The options that exist fail. Unregulated DeFi carries smart-contract and depeg risk and gives an institution no counterparty legitimacy. Leaving stablecoins idle earns 0% and breaks the economic case for an autonomous treasury. Neither works once agent balances are large enough to matter.
That gap is the yield layer. It is the one leg of the agent stack still missing, and it is the one IXS is built to be.
IXS vaults are programmable financial primitives built on ERC-4626, the same standard roughly $25B in DeFi already speaks. An agent with a wallet and a session key can discover a vault by API, deposit into it, earn 4-12% APY from institutional RWA yield, and exit on a permissionless secondary pool, with no human in the loop. Institutions reach the identical vault through an app login and full KYC. Same yield products, same custody, two front doors.
The sequence is the point. Regulated primary issuance came first, then licenses and institutional custody, then BTC Real Yield, then composable ERC-4626 vaults, and now the agent layer on top. Each step was load-bearing for the next.
The API at the top is replicable in a week. The years of licensing and custody beneath it are not. That asymmetry is the moat.
The vault layer is built once. Every integration on the roadmap opens it to a new population of capital: agent frameworks, then major wallets, centralized exchanges, and consumer neobanks. One regulated layer, many front doors. That is how a compliance moat turns into a distribution advantage.

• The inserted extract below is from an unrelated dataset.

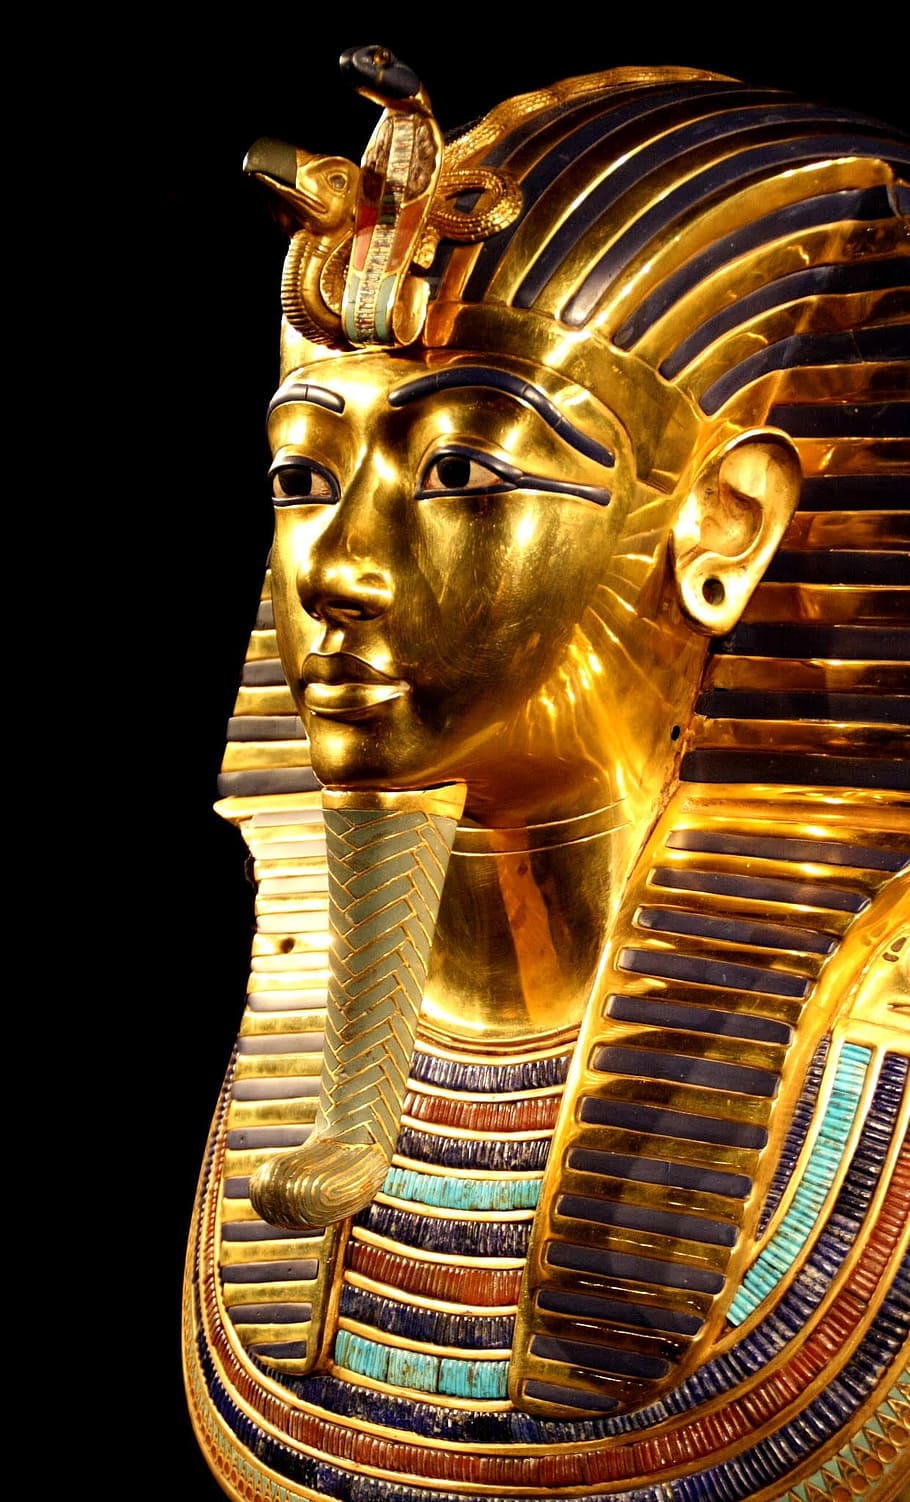 nefertiti statue, tutankhamun, death mask, pharaonic, egypt, sculpture, statue, art and craft, gold colored, representation
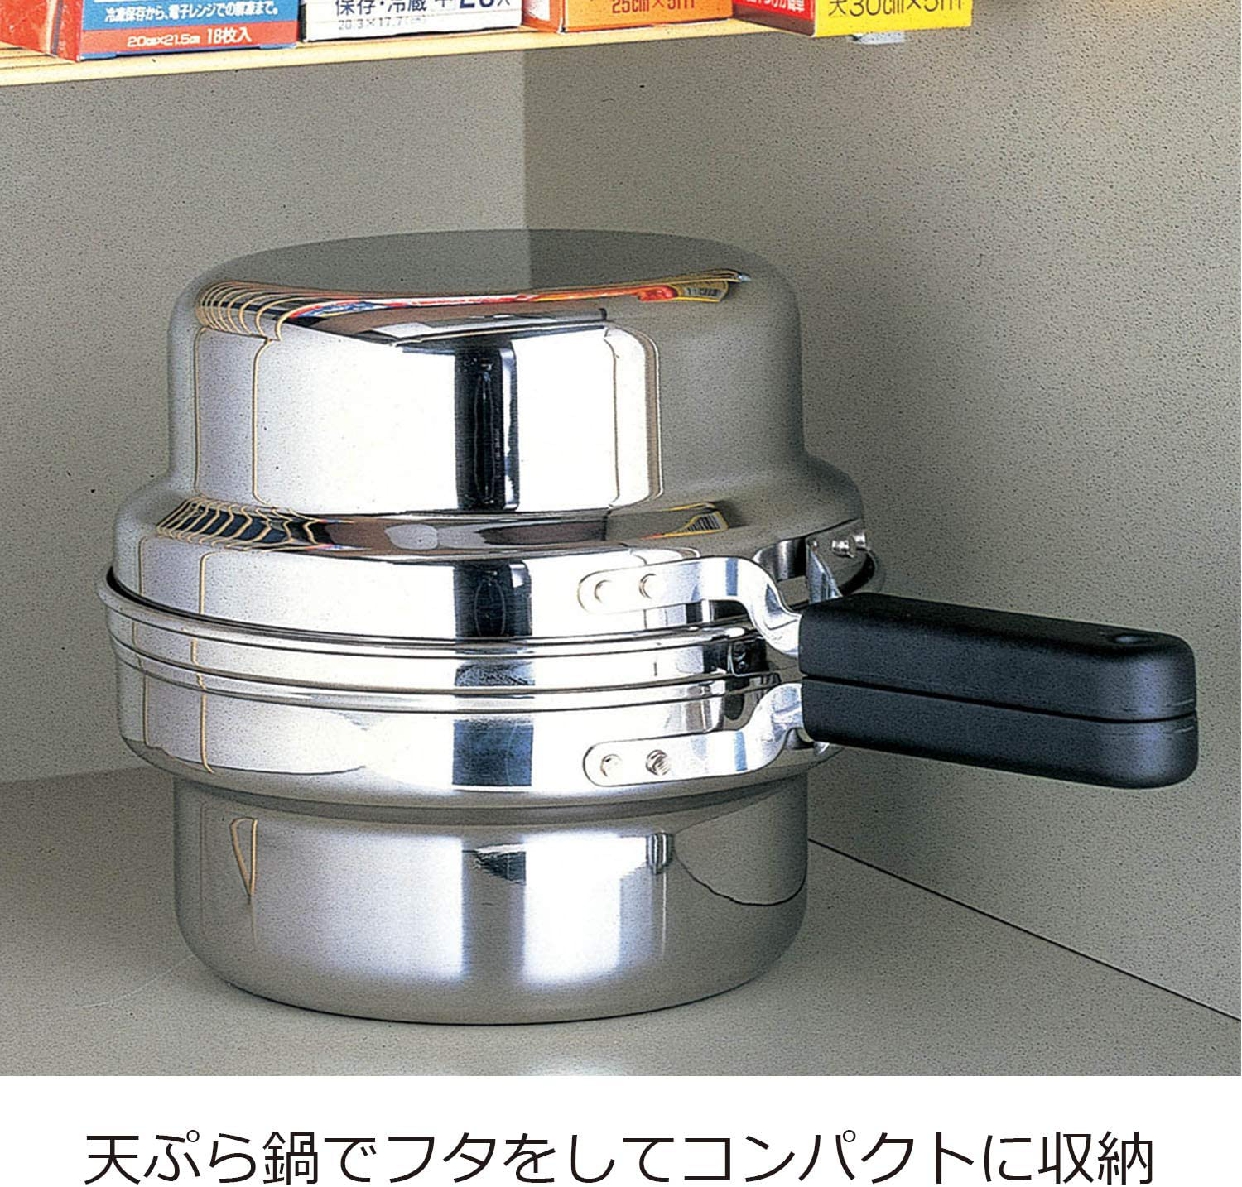 AUX(オークス) 日本製 IH対応 片付け簡単 天ぷら鍋セット オイルポット 温度計付 シルバー T23の商品画像4

The catalysts the report walks through, the DTCC tokenized-securities platform going live in 2026, the CLARITY Act moving through the Senate, DeFi and TradFi merging in production, and the NYSE moving toward 24/7 trading, all route capital toward the same need: a compliant place to hold and grow tokenized real-world assets. The institutional wave brings that demand once. The agent economy brings it a second time.